In order to work with the DStream API, we must understand how the abstraction works. DStream is basically a sequence of RDDs. At a given batch interval a single RDD is consumed and passed through all the transformations we supply to the DStream. When we do:

val dataStream = streamingContext.socketTextStream("", 1337)
 .flatMap(_.split(" "))
 .filter(_ == "")
 .map((word, 1L))

That means we apply flatMap, filter, map and count onto the underlying RDD itself as well! There are at least as many of these transformations on DStream as there are for RDD, and these are the transformations we should be working with in our Streaming application. There is a comprehensive list of all the operations on the Spark Streaming documentation page under Transformations on DStreams

More operations on key value pairs

Similar to the PairRDDFunctions which brings in (implicitly) transformations on pairs inside an RDD, we have the equivalent PairDStreamFunctions with many such methods, primarly:

  • combineByKey - Combine elements of each key in DStream’s RDDs using custom functions.
  • groupByKey - Return a new DStream by applying groupByKey on each RDD
  • mapValues - Return a new DStream by applying a map function to the value of each key-value pairs in ‘this’ DStream without changing the key.
  • mapWithState - Return a MapWithStateDStream by applying a function to every key-value element of this stream, while maintaining some state data for each unique key.
  • reduceByKey - Return a new DStream by applying reduceByKey to each RDD. The values for each key are merged using the supplied reduce function. org.apache.spark.Partitioner is used to control the partitioning of each RDD.

And many more for you to enjoy and take advantage of.

Thats awesome! So why do I need foreachRDD at all?

Similar to RDDs, when Spark builds its graph of execution we distinguish between regular transformations and output transformations. The former are lazily evaluated when building the graph while the latter play a role in the materialization of the graph. If our DStream graph had only regular transformations applied to it, we would get an exception at runtime saying there’s no output transformation defined.

foreachRDD is useful when we’ve finished extracting and transforming our dataset, and we now want to load it to an external source. Let’s say I want to send transformed messages to RabbitMQ as part of my flow, I’ll iterate the underlying RDD partitions and send each message:

  foreachRDD { rdd: RDD[String] =>
    val rabbitClient = new RabbitMQClient()
    rdd.foreachPartition { partition: Iterator[String] =>
      partition.foreach(msg => rabbitClient.send(msg))

transformedDataStream is an arbitrary DStream after we’ve performed all our transformation logic on it. The result of all these transformations a DStream[String]. Inside foreachRDD, we get a single RDD[String] where we then iterate each of it’s partitions creating a RabbitMQClient to send each message inside the partition iterator.

There are several more of these output transformations listed on the Spark Streaming documentation page which are very useful.

Wrapping up

Spark Streamings DStream abstraction provides powerfull transformation for processing data in a streaming fashion. When we do stream processing in Spark, we’re processing many individual micro-batched RDDs which we can reason about in our system flowing one after the ever.

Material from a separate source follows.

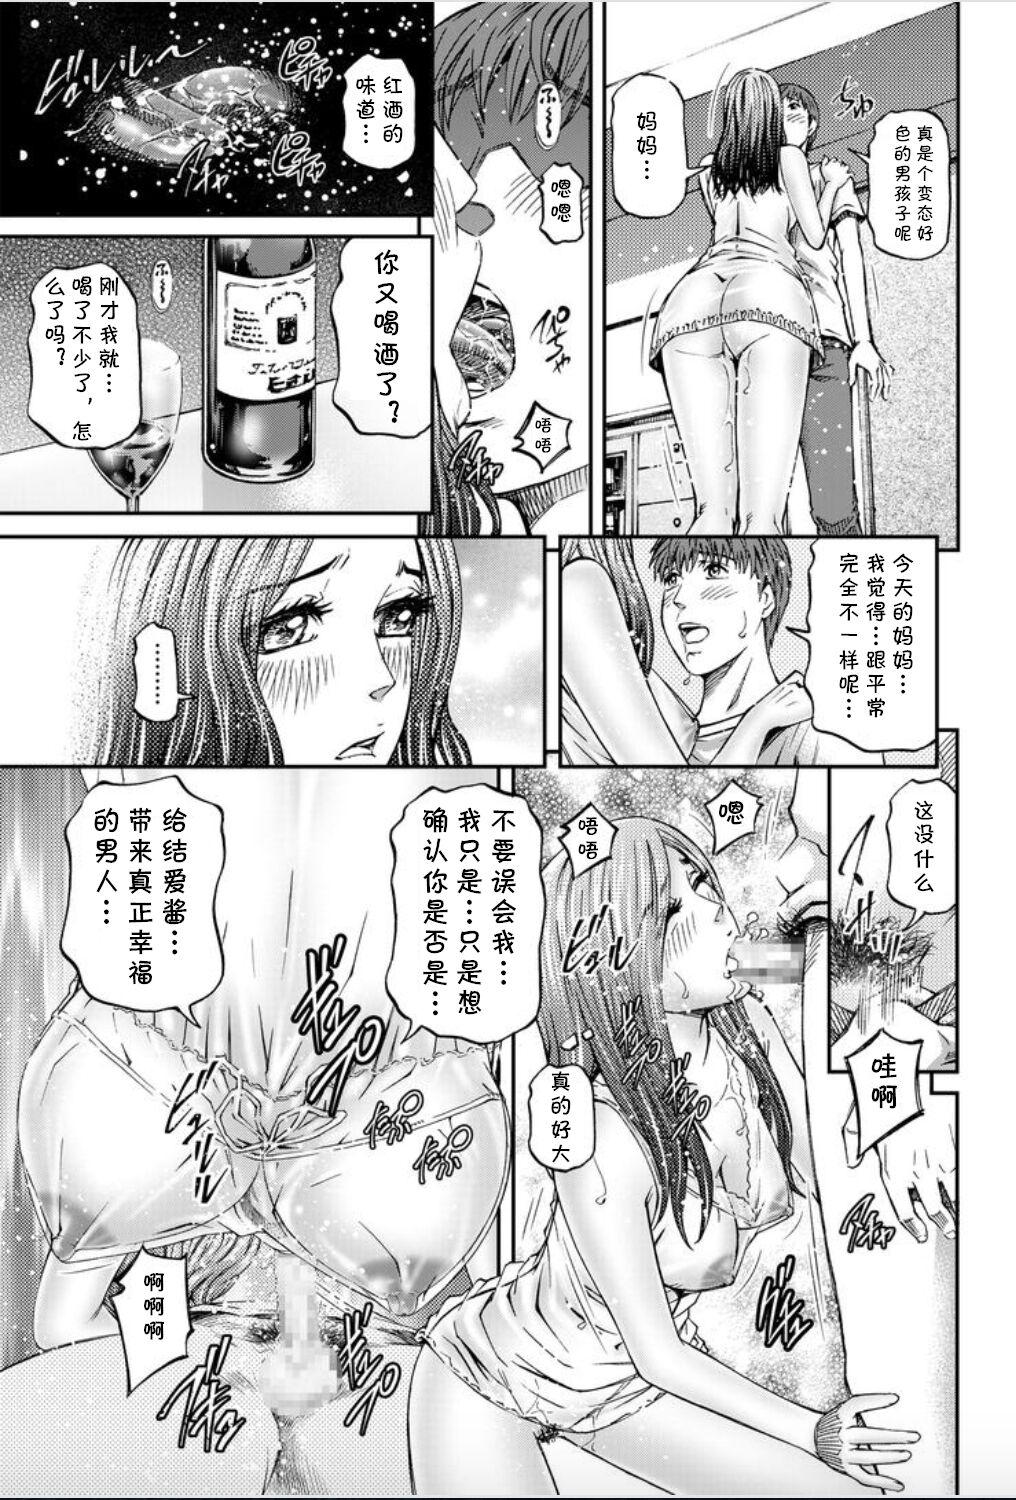 Mms Onna-tachi ga Iku Toki... Ero Drama Vol. 8 Datte, Kanojo no Haha ga... Hot Girl Porn - Page 9

When we apply transformations on the DStream it percolates all the way down to each RDD that is passed through without us needing to apply the transformations on it by ourselves. Finally, the use of foreachRDD should be kept to when we want to take of our transformed data and perform some side effecting operation to it, mostly things like sending data over the wire to a database, pub-sub and the likes. Use it wisely and only when you truely need to!